The actual risk of bias incurred by prior pathology reports might be greater than that captured in this study for several reasons, according to the investigators. They pointed out that all participants were experienced and board-certified and might therefore be expected to be more confident in their interpretations than an unselected group of dermatopathologists. In addition, participants might have been more careful in their interpretations knowing they were participating in a study.

“There are a lot of data to support the value of second opinions [in dermatopathology and other areas], but we need to consider the process of how they are being obtained,” Dr. Elmore said. “There needs to be a greater emphasis on providing an independent analysis.”

More than 60% of the dermatologists participating in this study reported that they agreed or strongly agreed with the premise that they prefer to have the original dermatopathology report when they offer a second opinion. Dr. Elmore said that the desire of those offering a second opinion to have as much information in front of them as possible is understandable, but the bias imposed by the original report weakens the value of the second opinion.
 

Blind reading of pathology reports needed

“These data suggest that seeing the original report sways opinions and that includes swaying opinions away from an accurate reading,” Dr. Elmore said. She thinks that for dermatopathologists to render a valuable and independent second opinion, the specimens should be examined “at least initially” without access to the first report.

The results of this study were not surprising to Vishal Anil Patel, MD, director of the Cutaneous Oncology Program, George Washington University Cancer Center, Washington. He made the point that physicians “are human first and foremost and not perfect machines.” As a result, he suggested bias and error are inevitable.
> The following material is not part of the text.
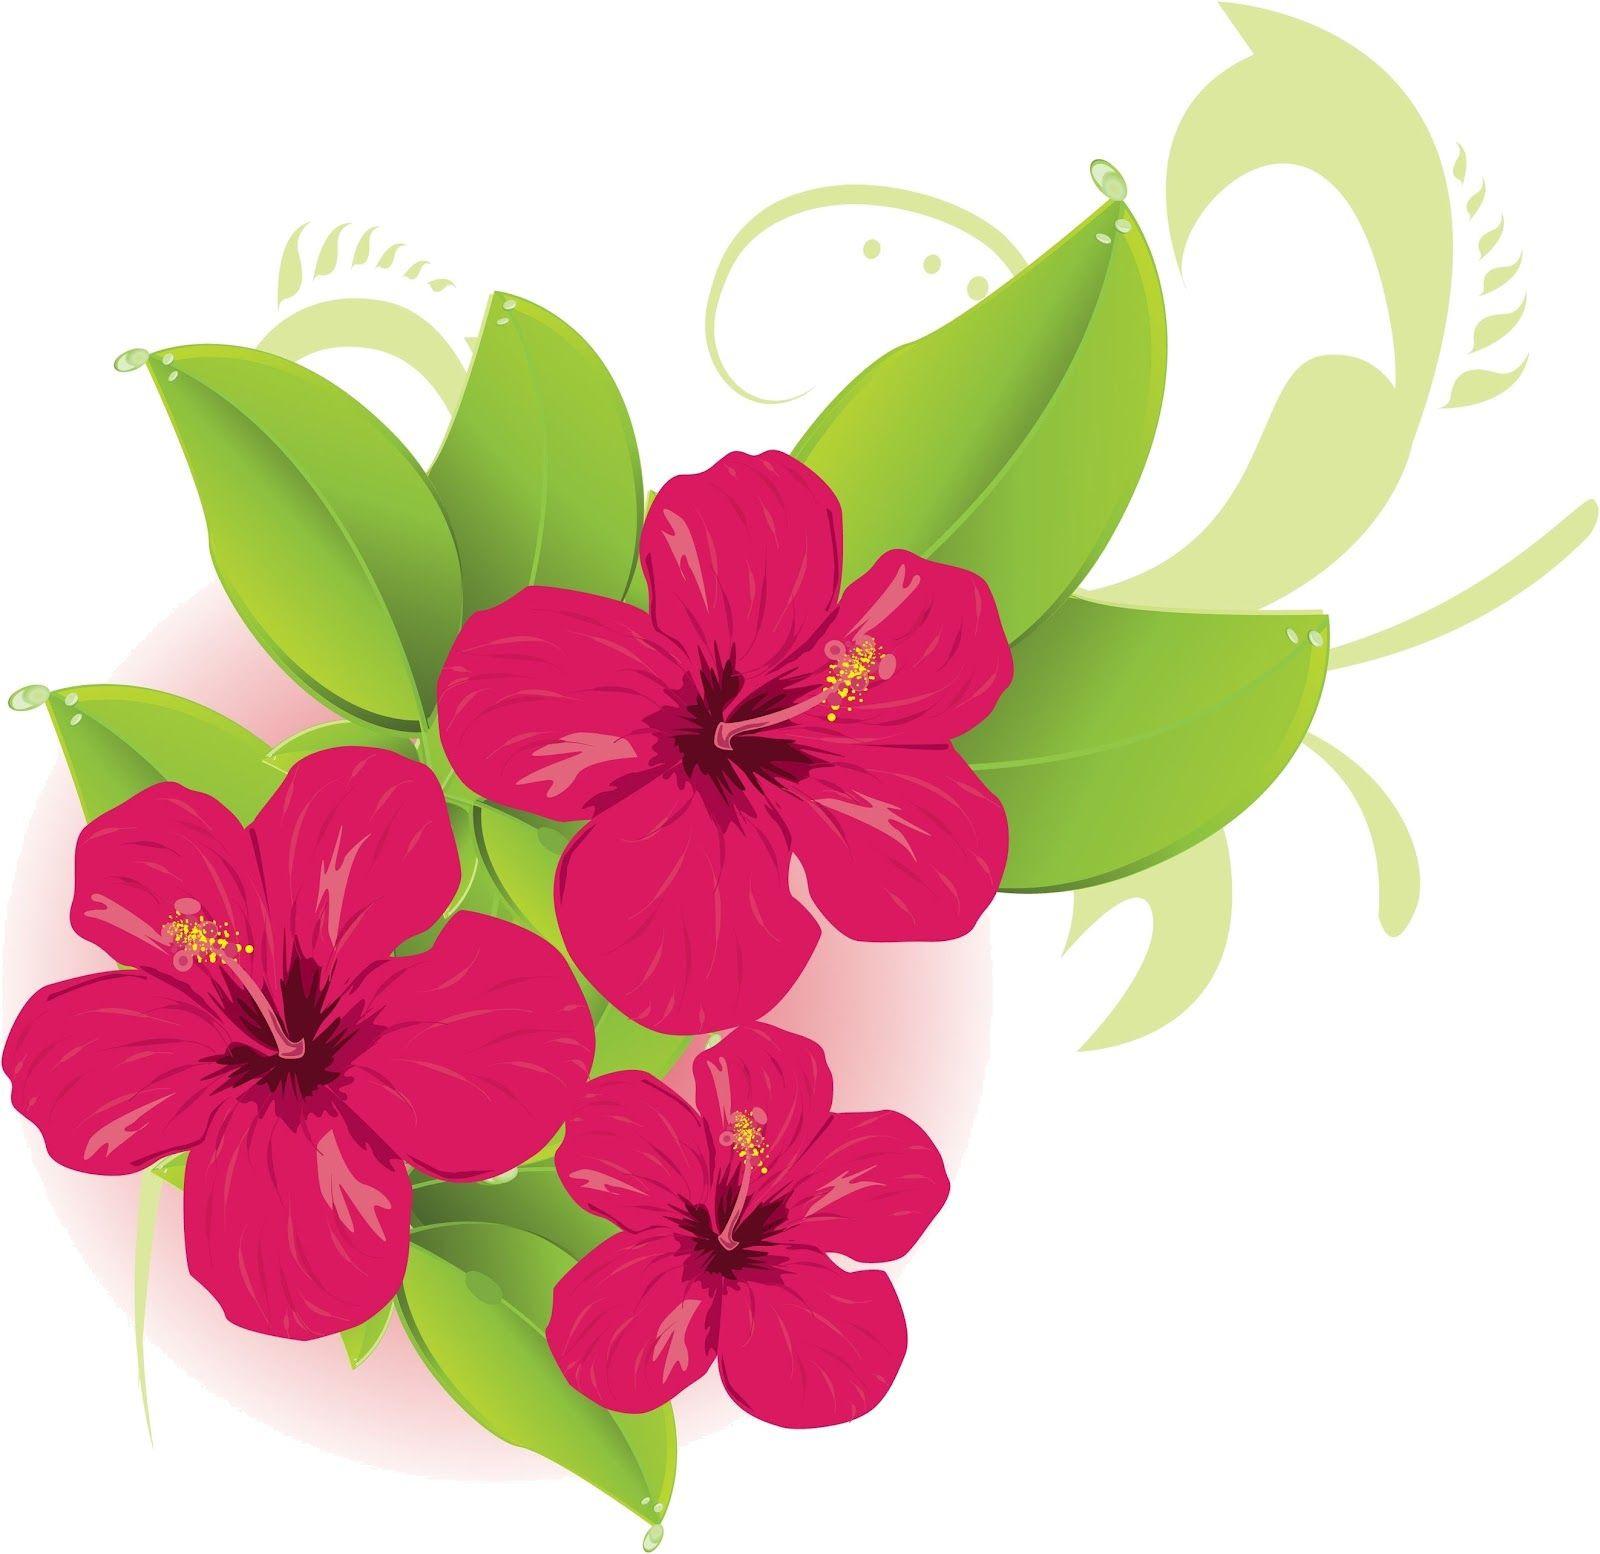 1600x1554 Hawaiian Flower Clip Art Hibiscus Flowers In Six Colors Free

Although strategies to avoid bias are likely to offer some protection against inaccuracy, he said that diagnostic support tools such as artificial intelligence might be the right direction for improving inter- and intra-rater reliability.

Ruifeng Guo, MD, PhD, a consultant in the division of anatomic pathology at the Mayo Clinic, Rochester, Minn., agreed with the basic premise of the study, but he cautioned that restricting access to the initial pathology report might not always be the right approach.

It is true that “dermatopathologists providing a second opinion in diagnosing cutaneous melanoma are mostly unaware of the risk of bias if they read the initial pathology report,” said Dr. Guo, but restricting access comes with risks.

“There are also times critical information may be contained in the initial pathology report that needs to be considered when providing a second opinion consultation,” he noted. Ultimately, the decision to read or not read the initial report should be decided “on an individual basis.”

The study was funded by grants from the National Cancer Institute. Dr. Elmore, Dr. Patel, and Dr. Guo reported no relevant financial relationships. 

A version of this article first appeared on Medscape.com.